Additonally, former Ganassi employee Mitch Davis has returned to the organization as team manager for Rahal-Kimball after two seasons with Dale Coyne Racing.
“Well, it’s great to have Mitch on-board,” Rahal said. “When we first sat down, (Ganassi Racing managing director) Mike Hull and I, to talk about people, bouncing names off of each other, Mitch
was the first guy on both of our lists.
“I worked with Mitch at Newman/Haas. I can tell you when he came into our team in 2008 he had an immediate effect on us. In fact, the first race weekend he was with us was Milwaukee, and we should have been on-pole, but qualified second. Our previous best start before then was far worse than that, I can assure you.
“Mitch helped us in a big, big way. Obviously, he’s got a past experience with Ganassi. He was there for a long time before. But I think when you look at where Mitch has been, even when he went to Dale Coyne, he elevated that team on a shoestring budget. He’s a great guy.
“I think what Mitch is so good for that a lot of people don’t see is that his dedication and his desire to work and to work hard is unmatched in this paddock. I can promise anybody that. He’s not afraid, even as a team manager, to get arms deep working on the cars, doing whatever is necessary to make sure that we’re competitive and to make sure we’re safe and got good equipment.
“I think that’s the key. That funnels down from him to everybody else in the organization. He’s done a great job and continues to do so. I’m sure he’ll keep us all excited and positive throughout the season. He’ll be a lot of fun.
“Like I said, I’ve had really good experiences with him in the past and I think he’s a good guy to have on-board.”

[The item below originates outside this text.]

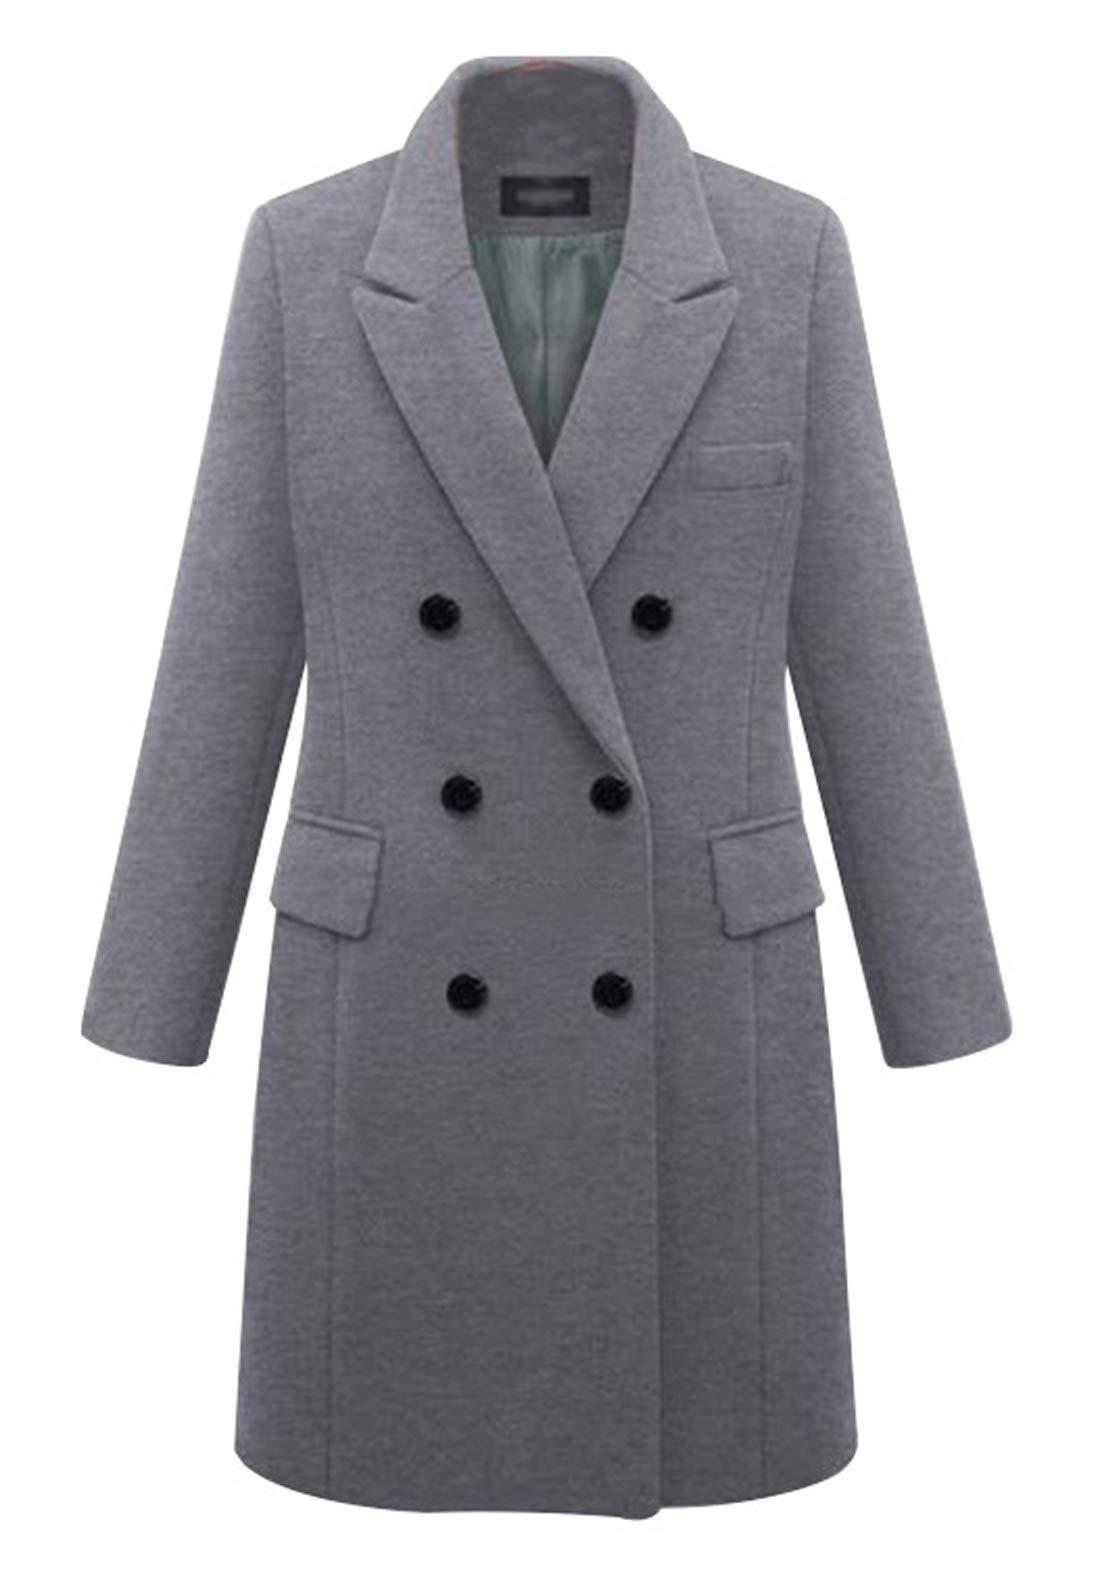 chouyatou Women's Basic Designed Notch Lapel Double Breasted Mid-Long Wool Pea Coat (Large, Grey) by chouyatou

Rahal and Kimball, meanwhile, have added their names to the growing list of young Americans –including Danica Patrick, Marco Andretti and Ryan Hunter-Reay all of Andretti Autosport and J.R. Hildebrand of Panther Racing – aiming to tilt the series’ balance of power.

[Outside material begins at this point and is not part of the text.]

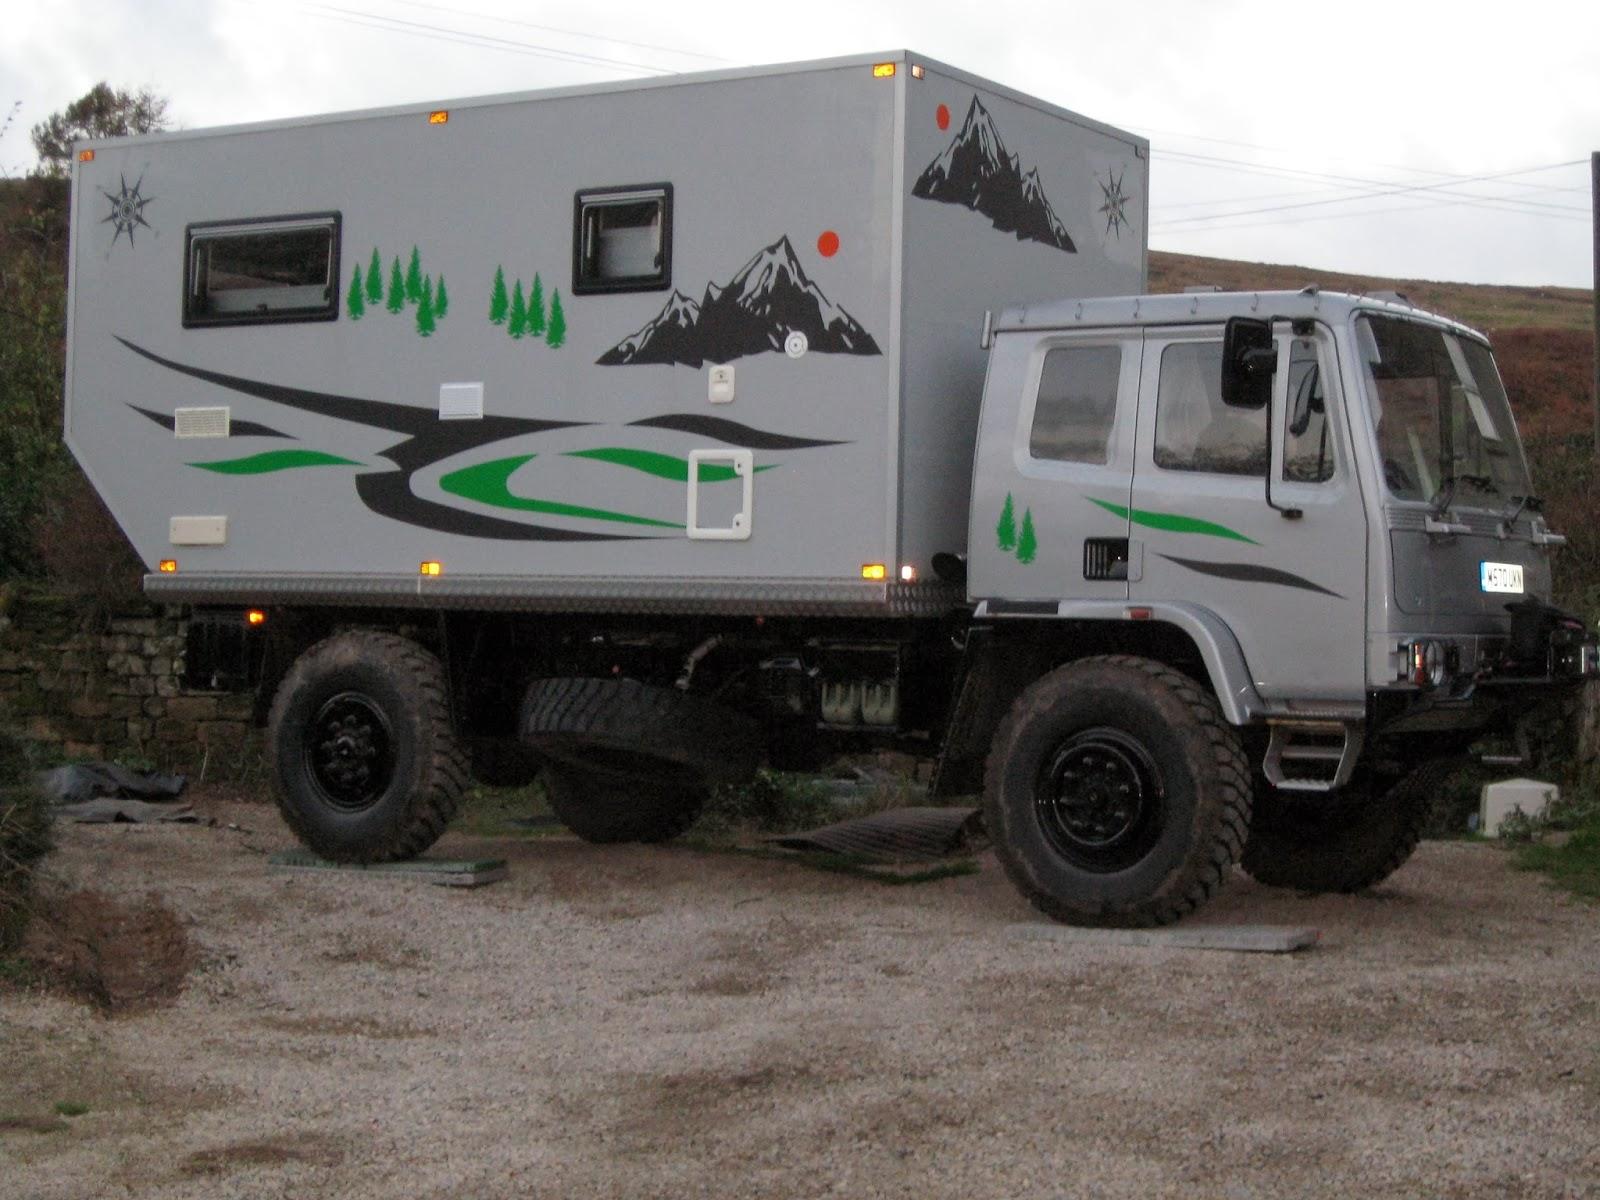 Military Truck Converted To Camper >> Hiace Hobo - Living in a Toyota Camper Van: November 2013

Foreign-born stars Franchitti (Scotland), Dixon (New Zealand), Will Power (Australia) and Helio Castroneves (Brazil) again are favored to dominate the point standings in the final season of the current Dallara/Honda package.
“I think there needs to be an American star,” Rahal said. “At the same time, putting Danica aside, I would say the most popular people are not Americans. I can see how people can say that because there haven’t been that many (competitive) Americans over the past several years. At the same time you look at the names that are most widely recognized in this sport, and really none of them are American.

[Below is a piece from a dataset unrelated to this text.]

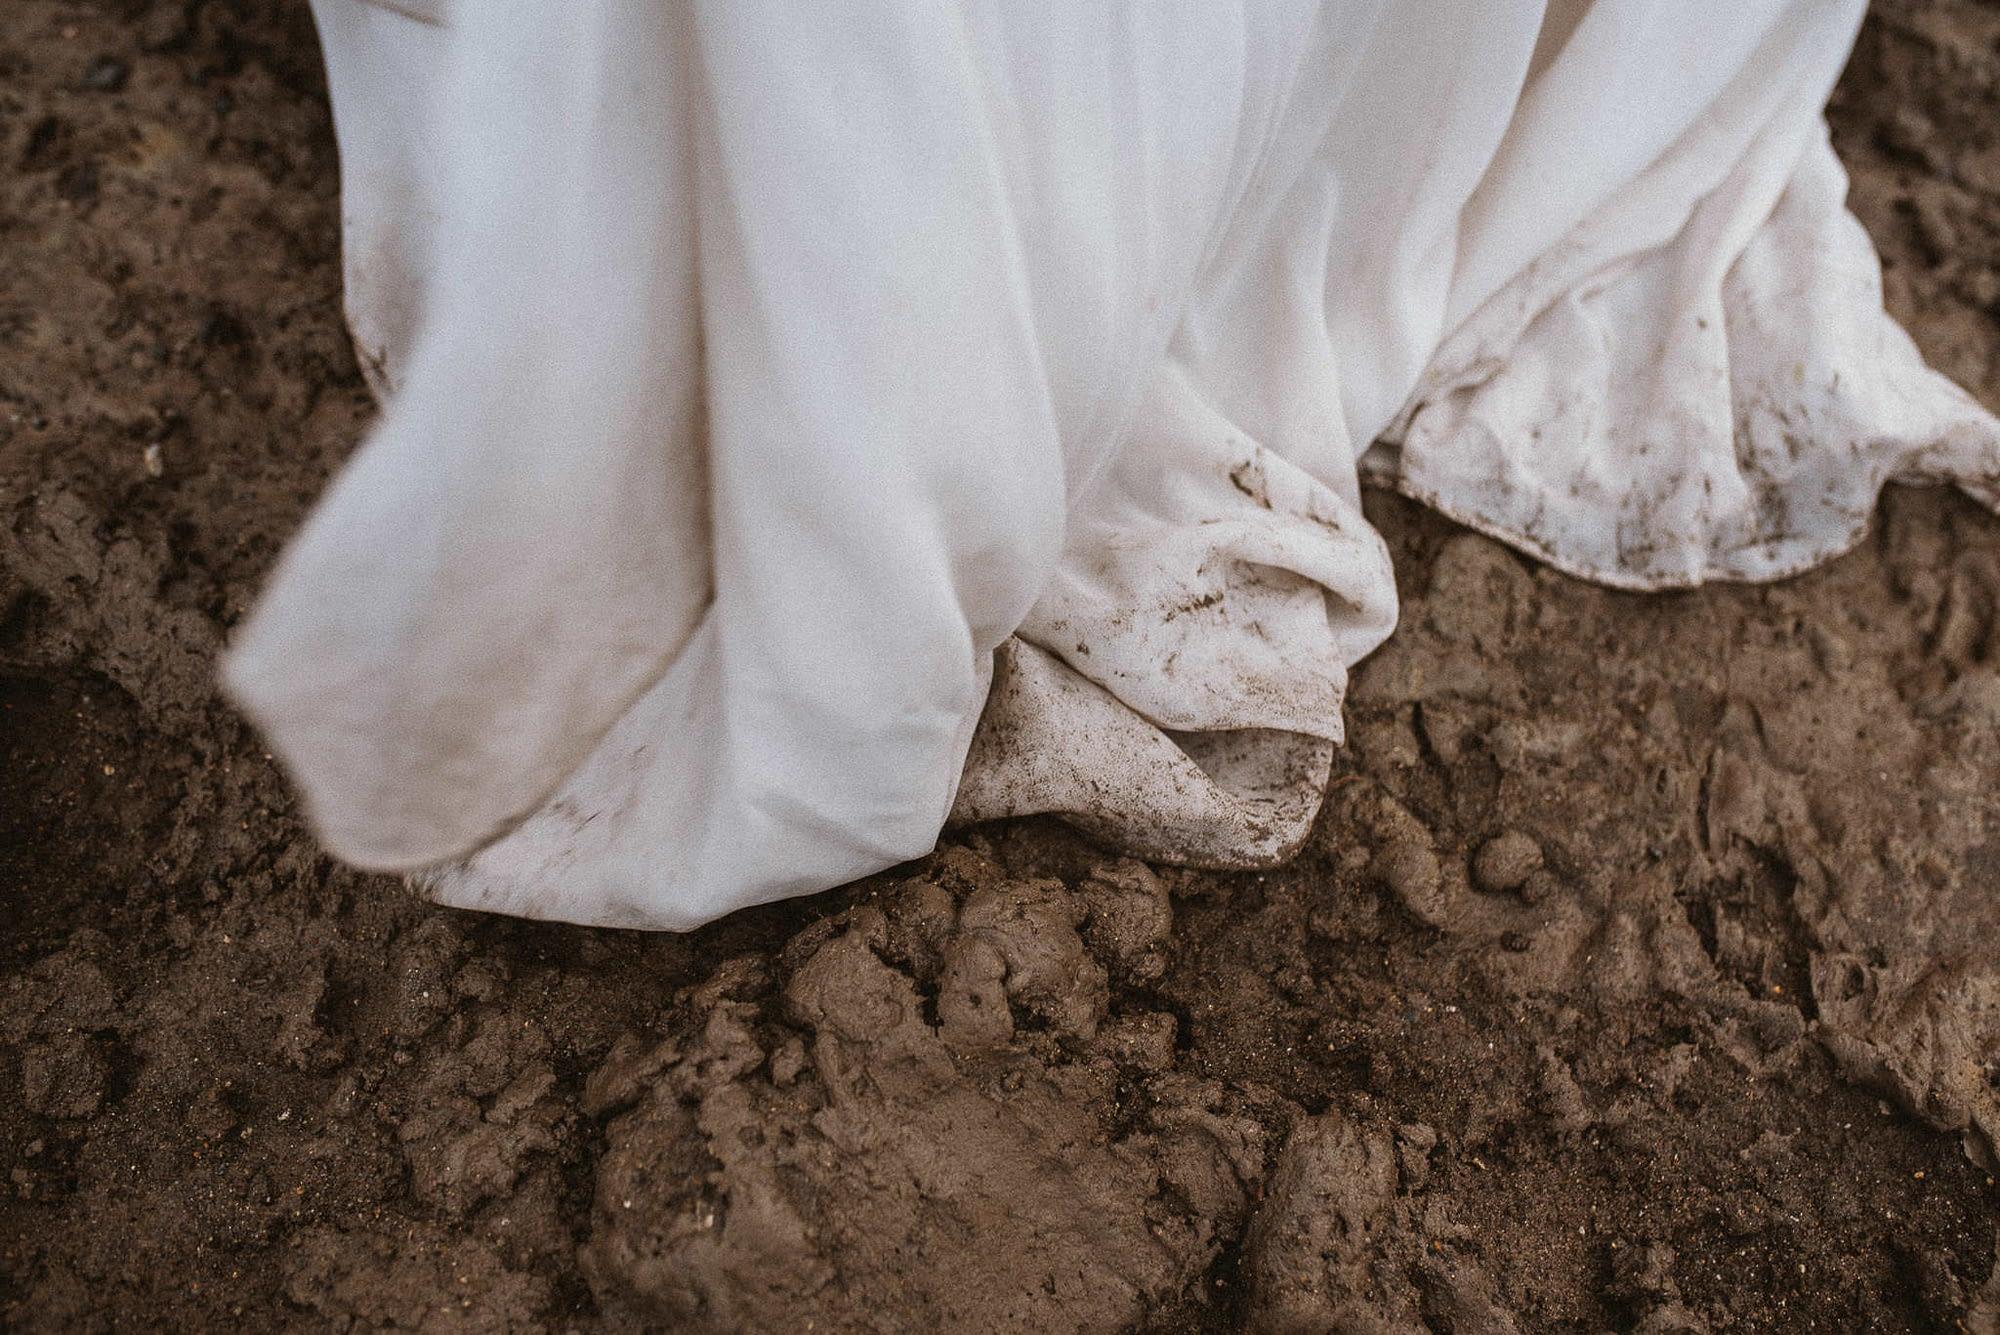 refugios-embalse del yeso-fotografo de matrimonios santiago

“I would say while it is important, we’re going to see what happens this year. We’ve got a great field of American drivers, a really good group of people that can certainly succeed. We’ll see how the fans take that, how they react to the fact that there’s an American in the National Guard car (driven by 2009 Firestone Indy Lights champion Hildrebrand), me obviously in the Service Central, Hunter-Reay, Danica, Marco. There’s a long list of Americans to cheer for now. We’ll see how it goes.”